> **Your goal**: All of the data that follows is to be printed exactly, without pictures.
##### Extracted material
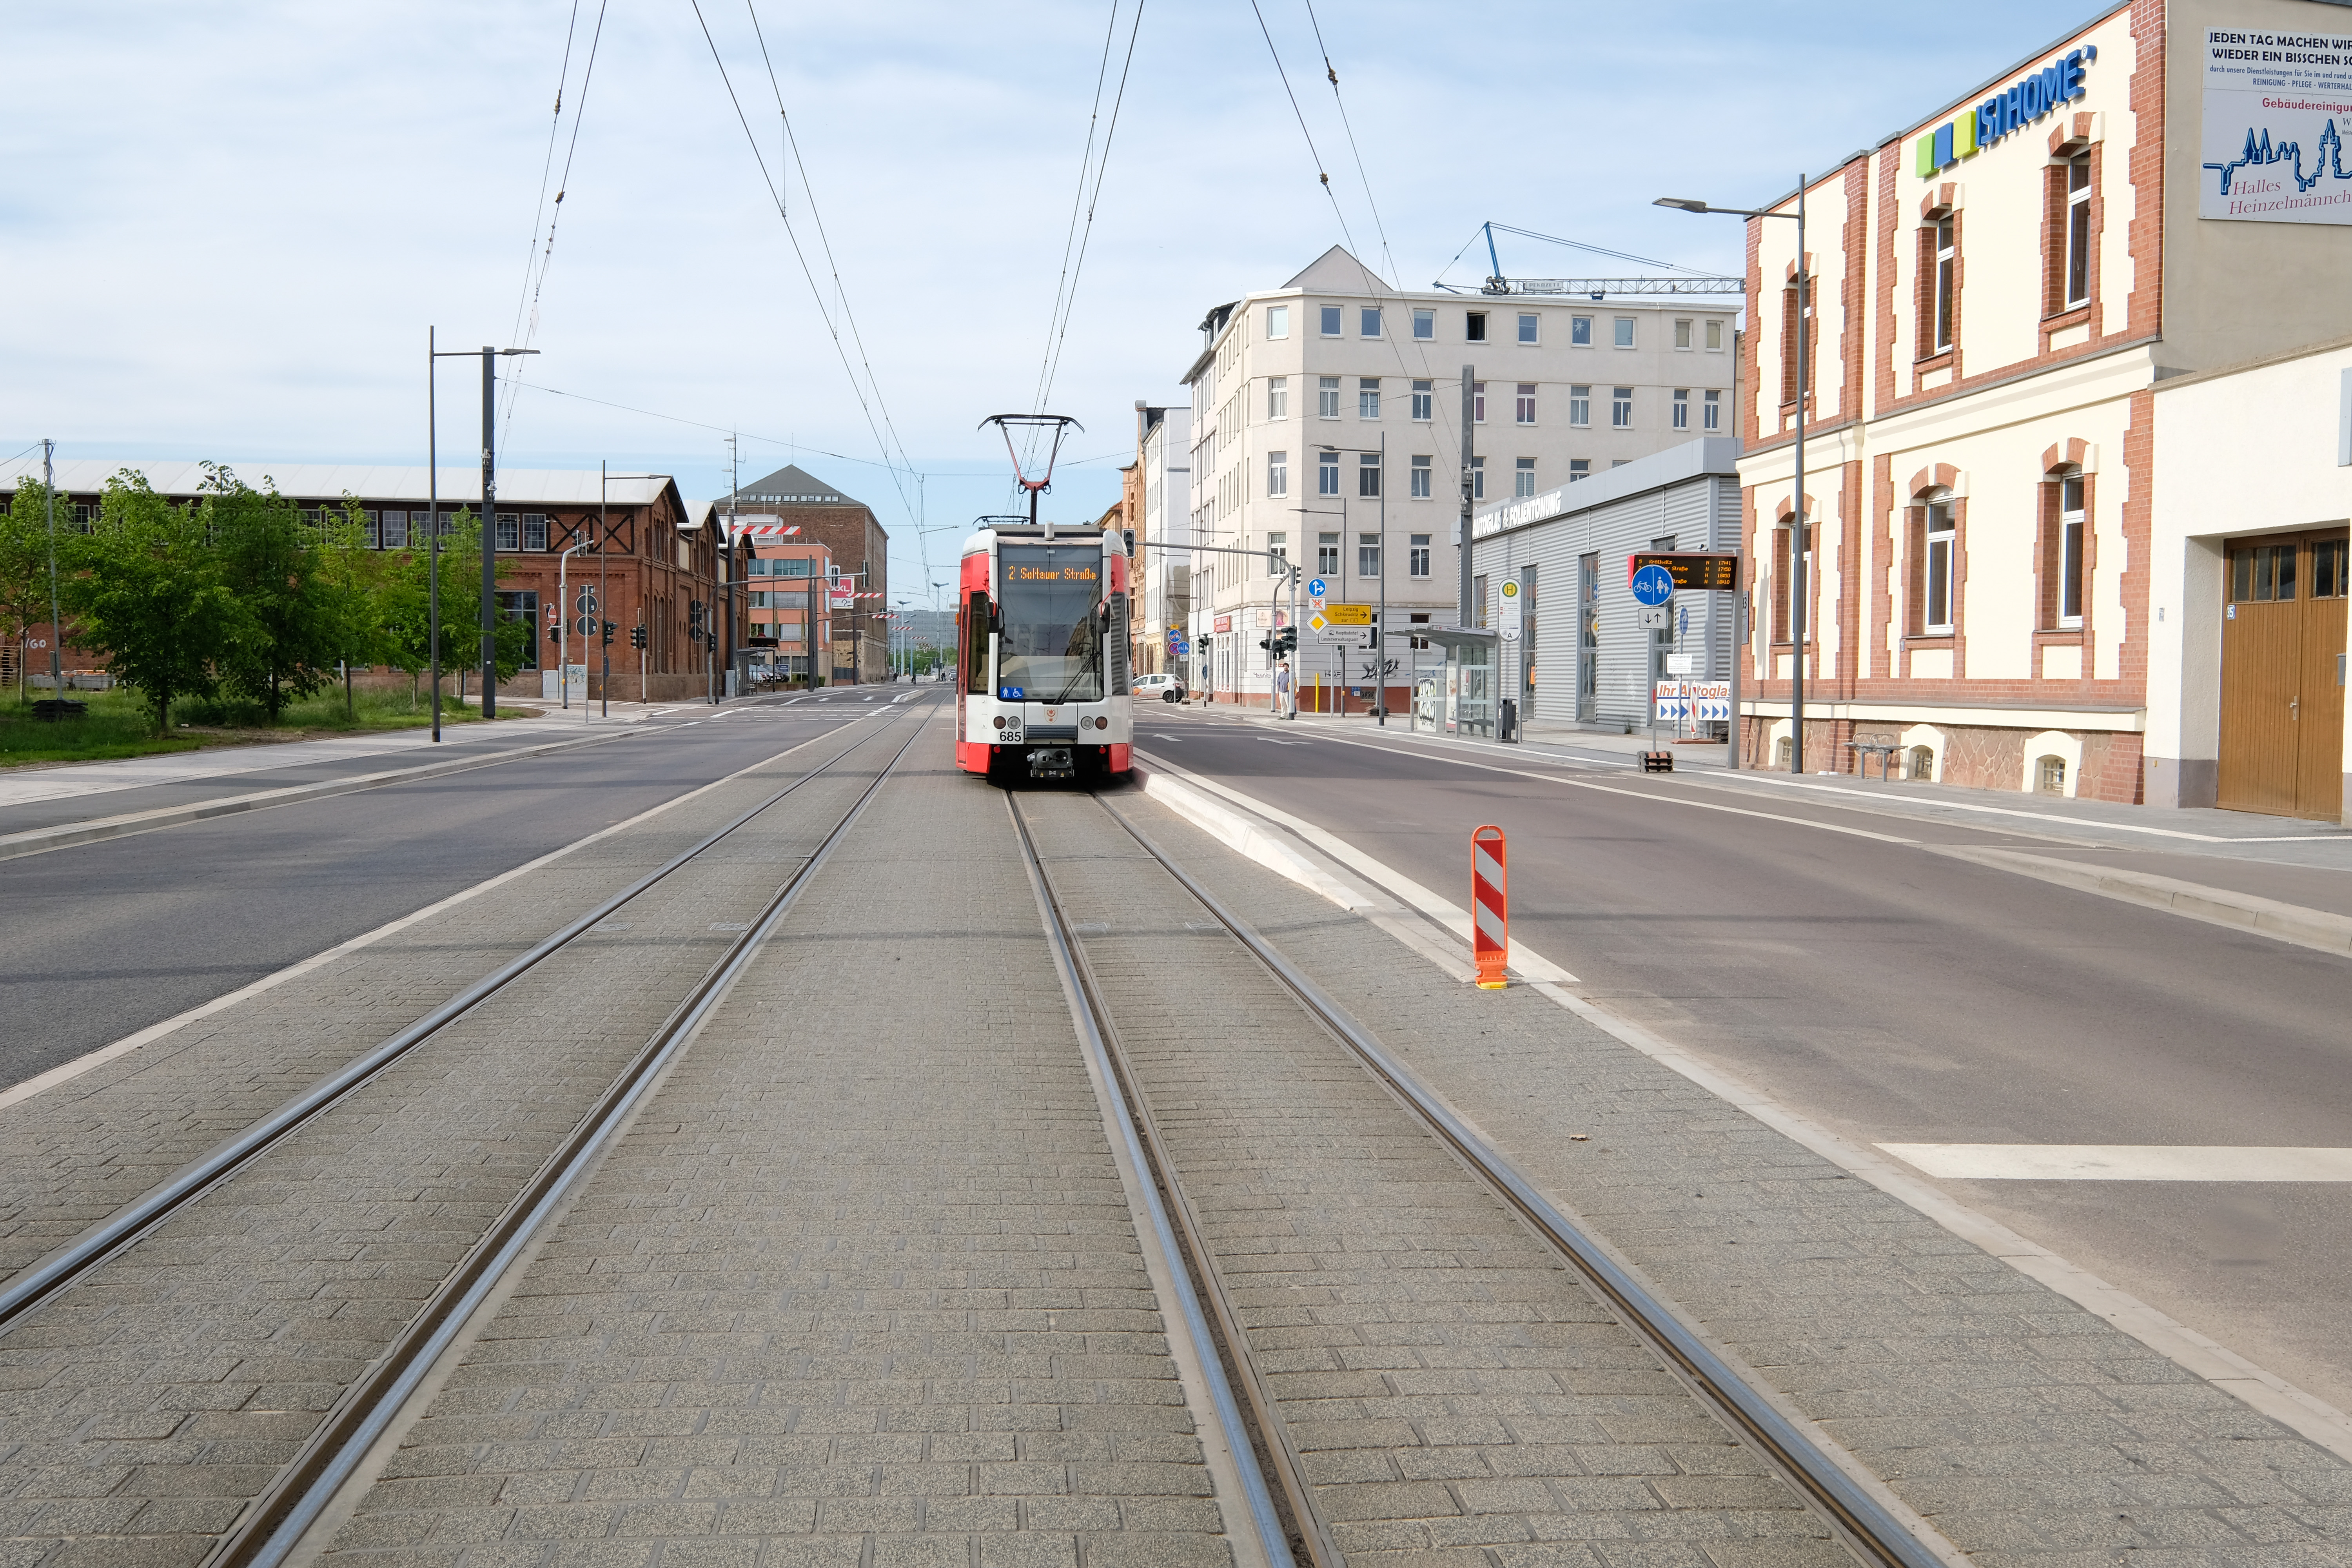 Das Bild zeigt mittig eine weiß-rote Straßenbahn auf einem Gleis, das von Pflastersteinen eingefasst ist. Sie steht an einem erhöhten Bordstein. Rechts und links der Straßenbahntrasse sind Fahrbahnen, Radwege und Fußwege.
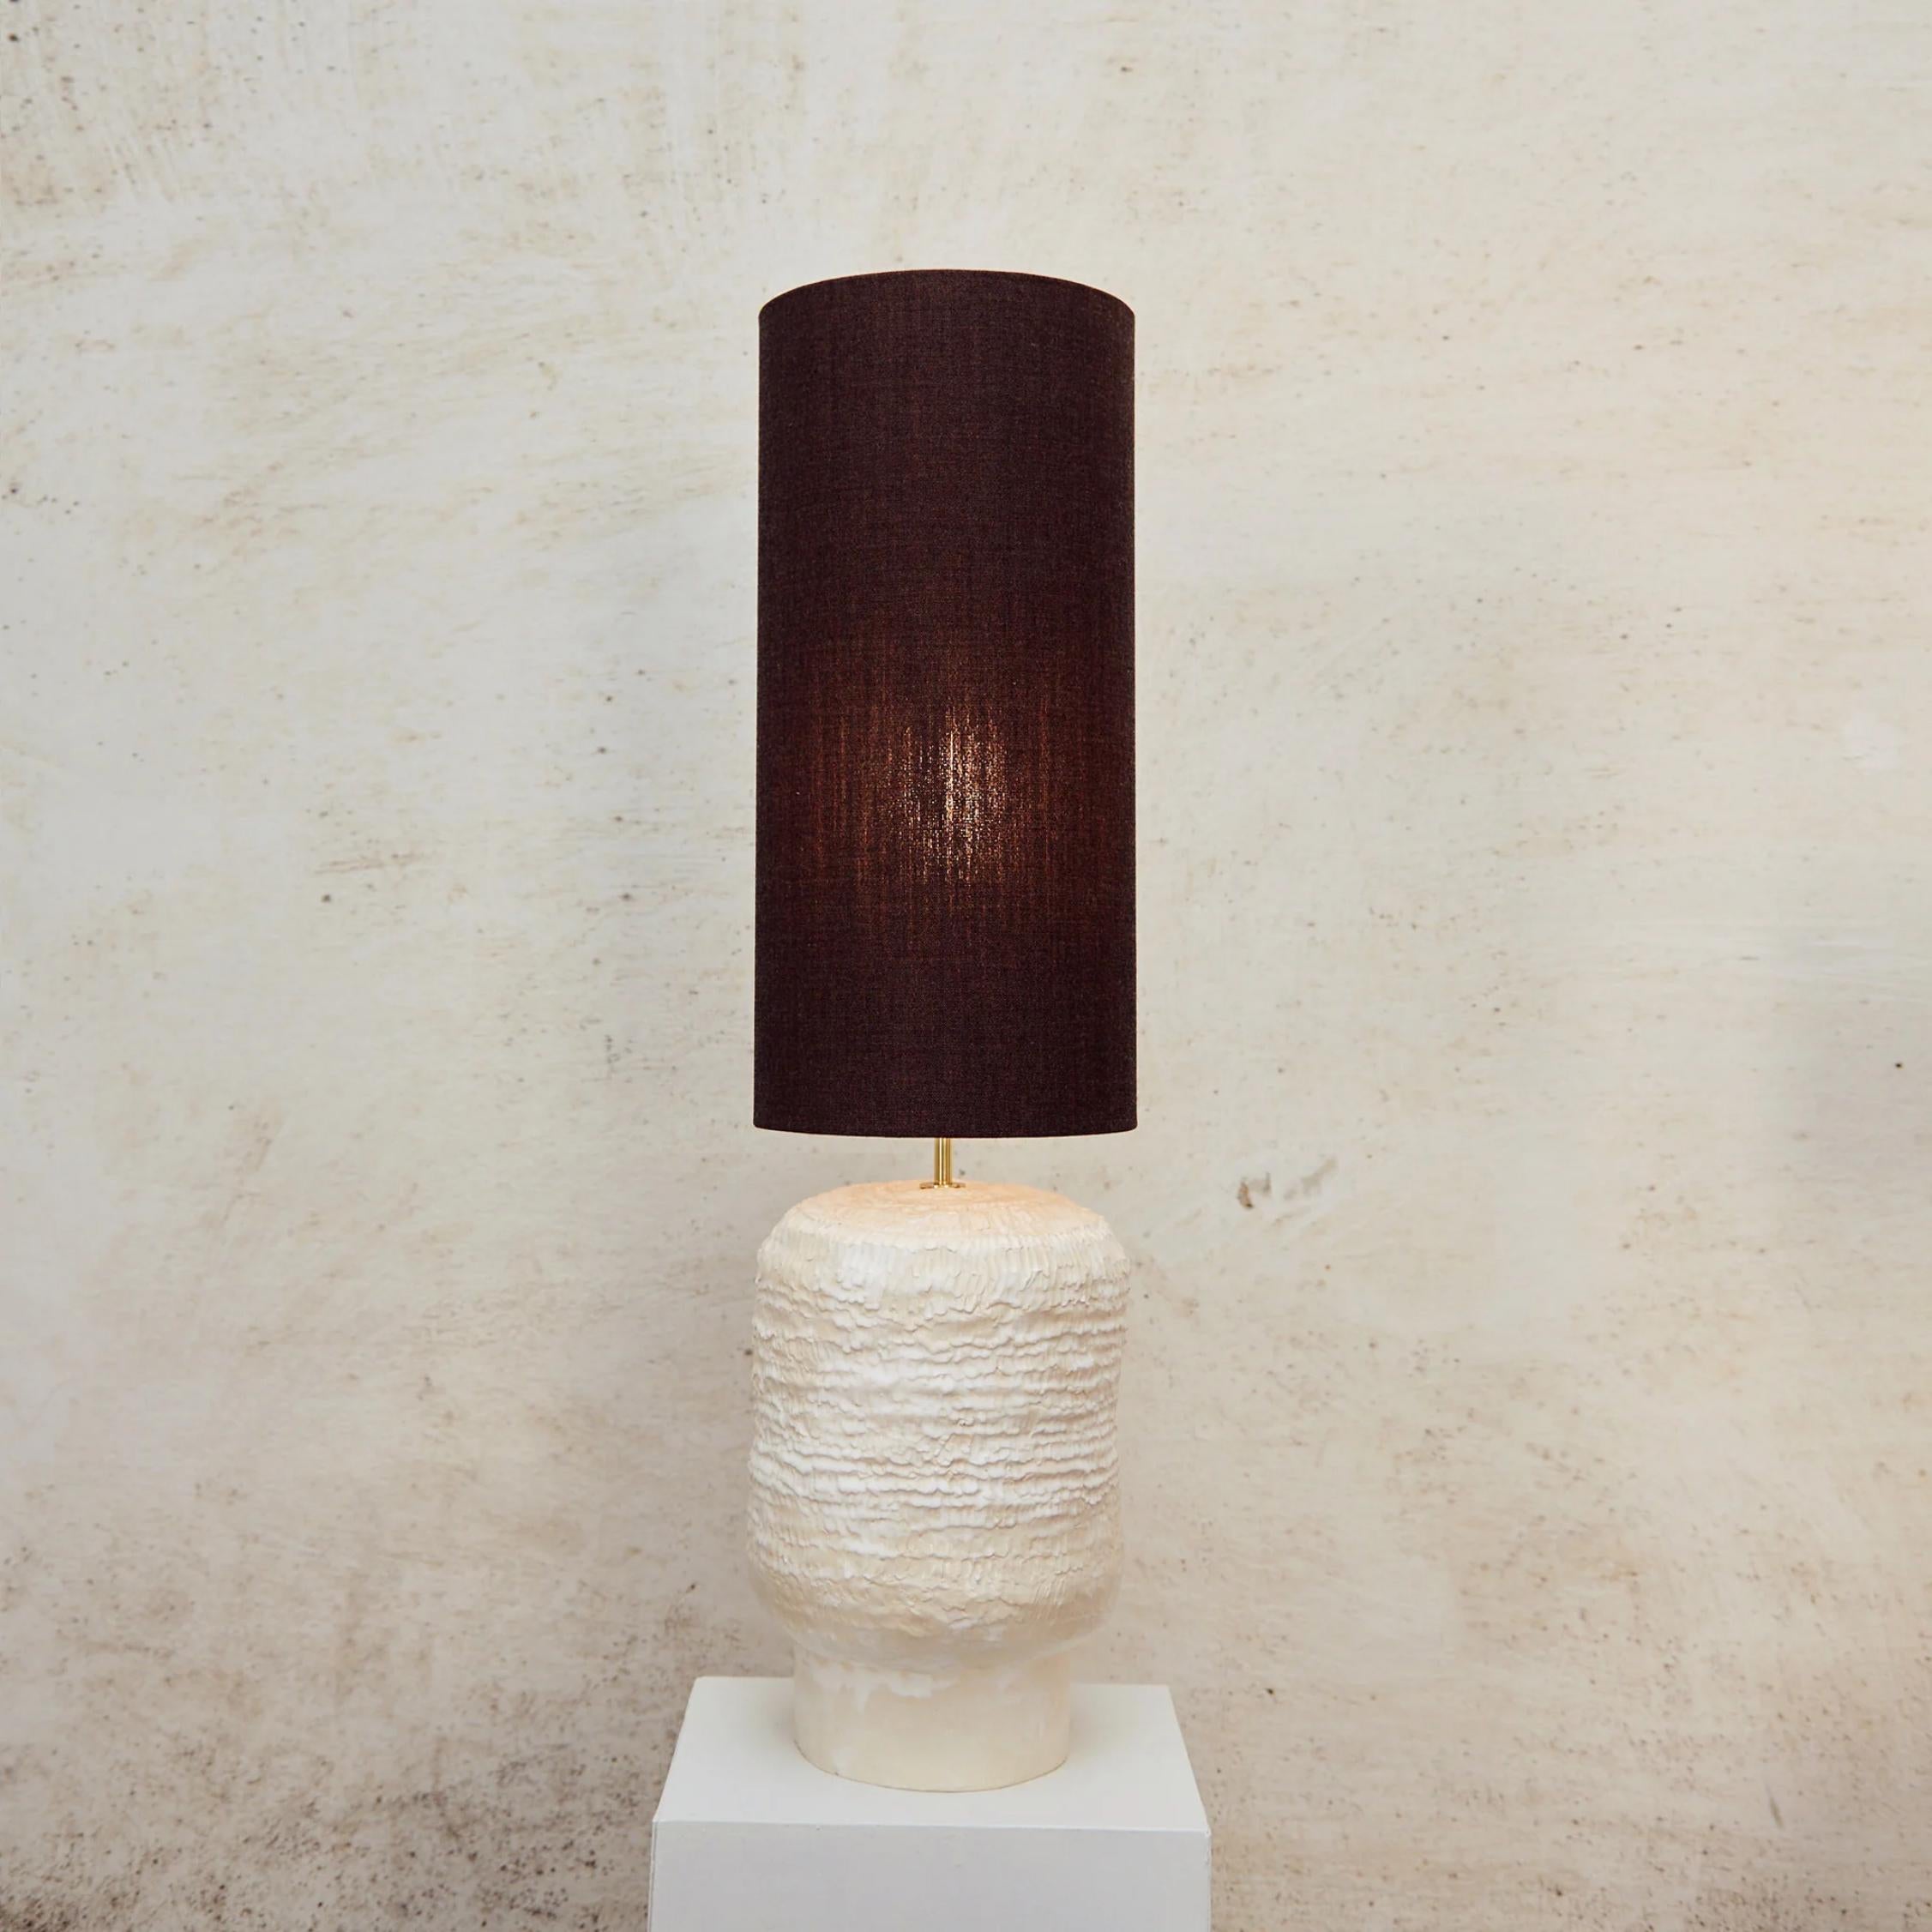 Lampe en céramique texturée de Project 213A
Dimensions : L 23 x D 23 x H 89 cm
MATERIAL : Céramique, laine, nylon

Les lampes en céramique artisanale ont été créées en interne et sont le résultat de l'exploration de formes traditionnelles avec une
##########
> **Answer to this task**:
 Das Bild zeigt mittig eine weiß-rote Straßenbahn auf einem Gleis, das von Pflastersteinen eingefasst ist. Sie steht an einem erhöhten Bordstein. Rechts und links der Straßenbahntrasse sind Fahrbahnen, Radwege und Fußwege.
 Lampe en céramique texturée de Project 213A
Dimensions : L 23 x D 23 x H 89 cm
MATERIAL : Céramique, laine, nylon

Les lampes en céramique artisanale ont été créées en interne et sont le résultat de l'exploration de formes traditionnelles avec une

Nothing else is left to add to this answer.